Repeat the data word for word and skip the pictures.

(Provided data Opens)

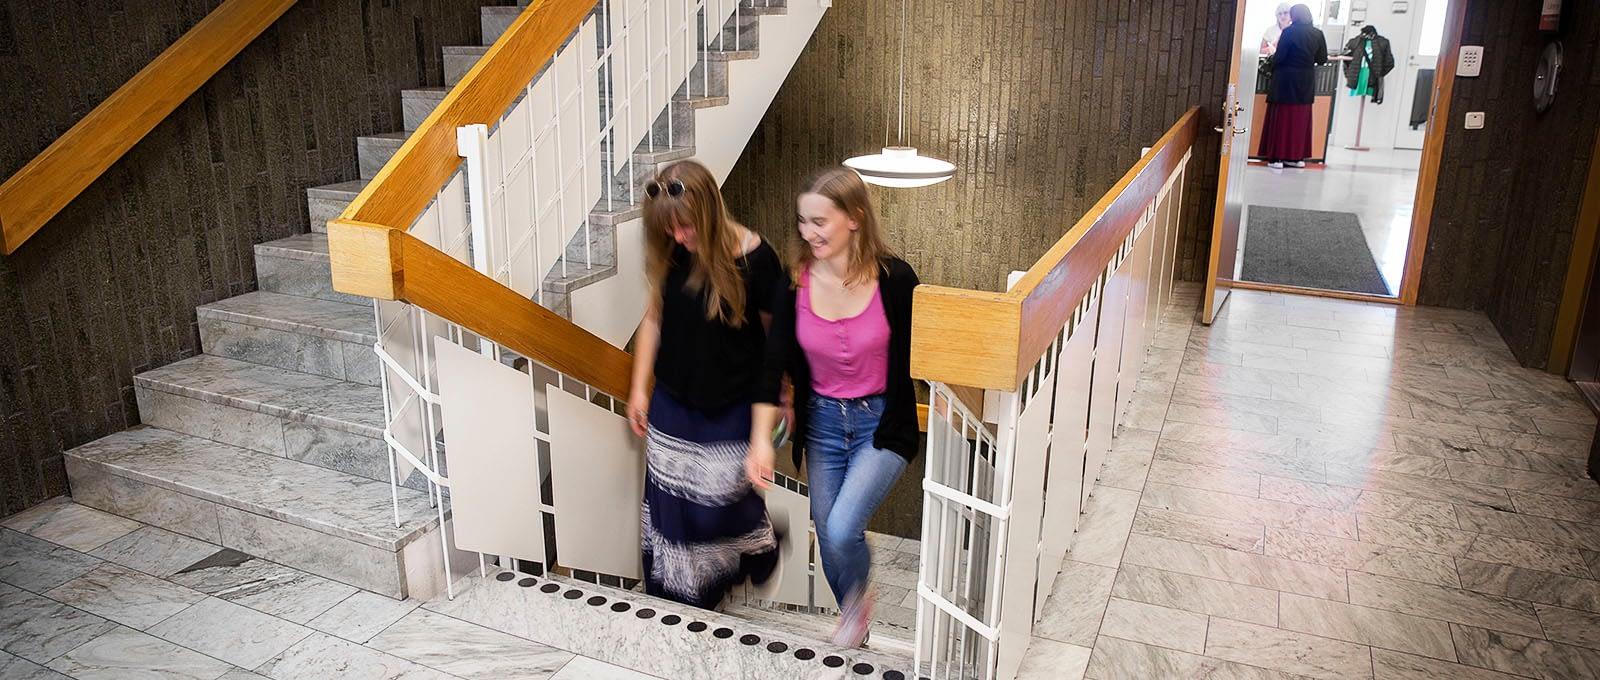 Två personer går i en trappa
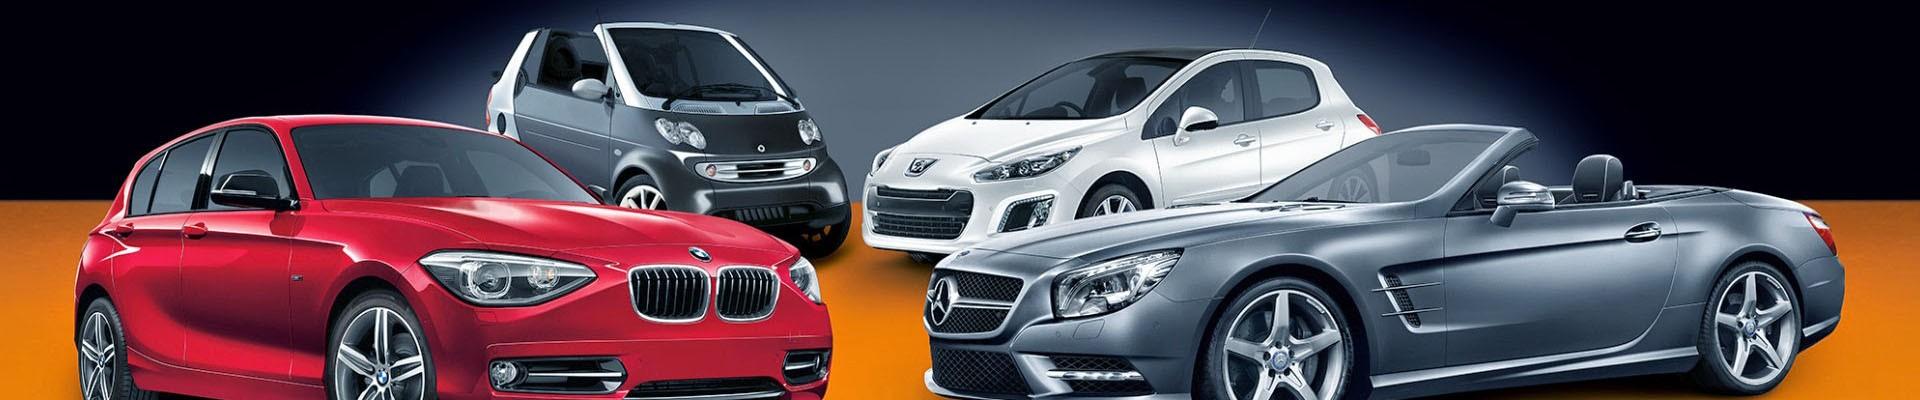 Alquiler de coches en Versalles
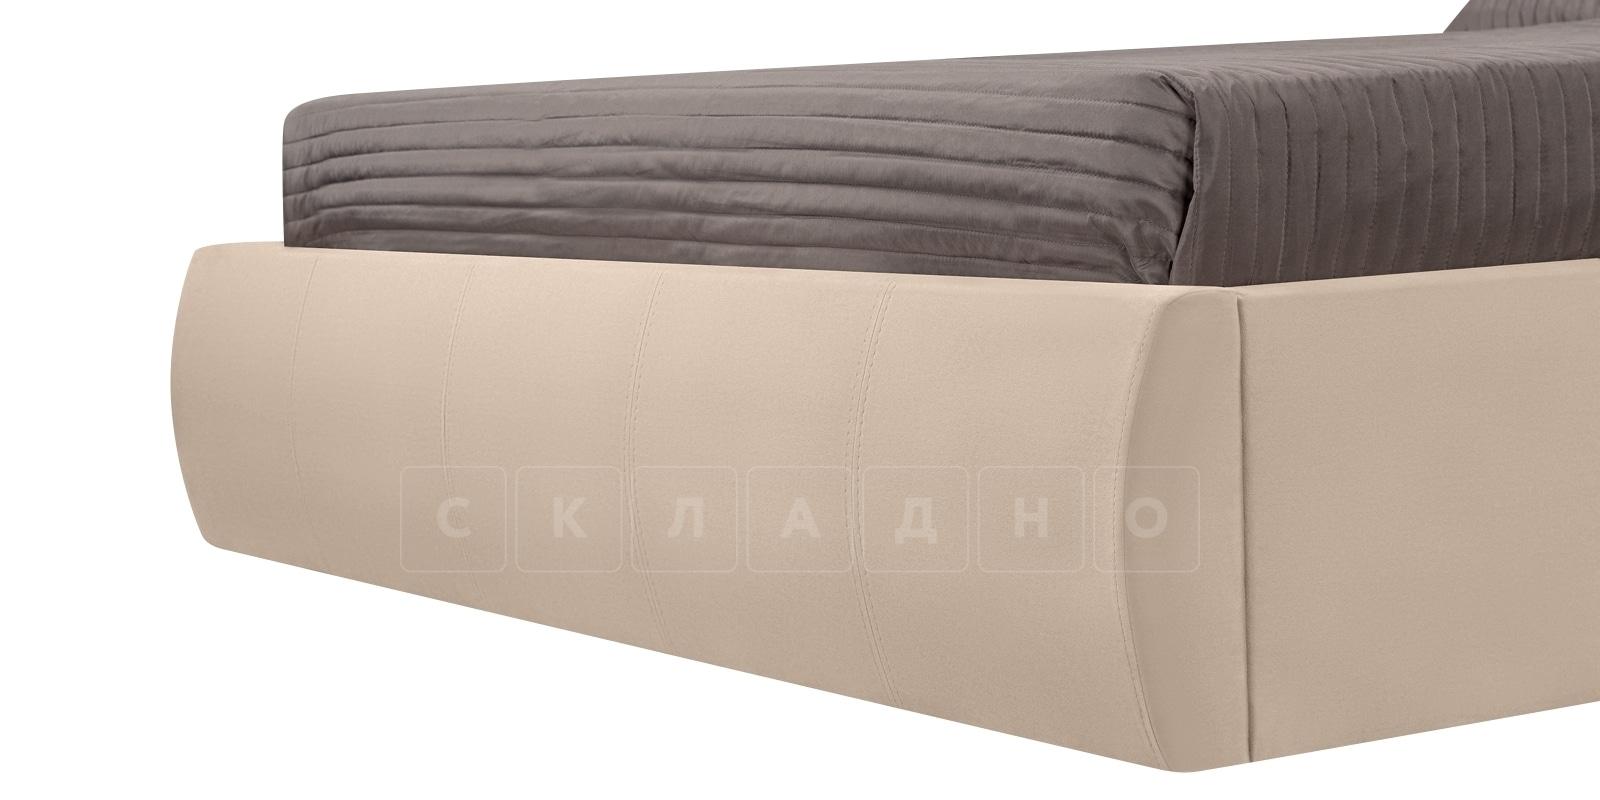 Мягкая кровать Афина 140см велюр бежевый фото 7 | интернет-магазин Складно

(Provided data Closes)

**Solution to the problem**
 Två personer går i en trappa
 Alquiler de coches en Versalles
 Мягкая кровать Афина 140см велюр бежевый фото 7 | интернет-магазин Складно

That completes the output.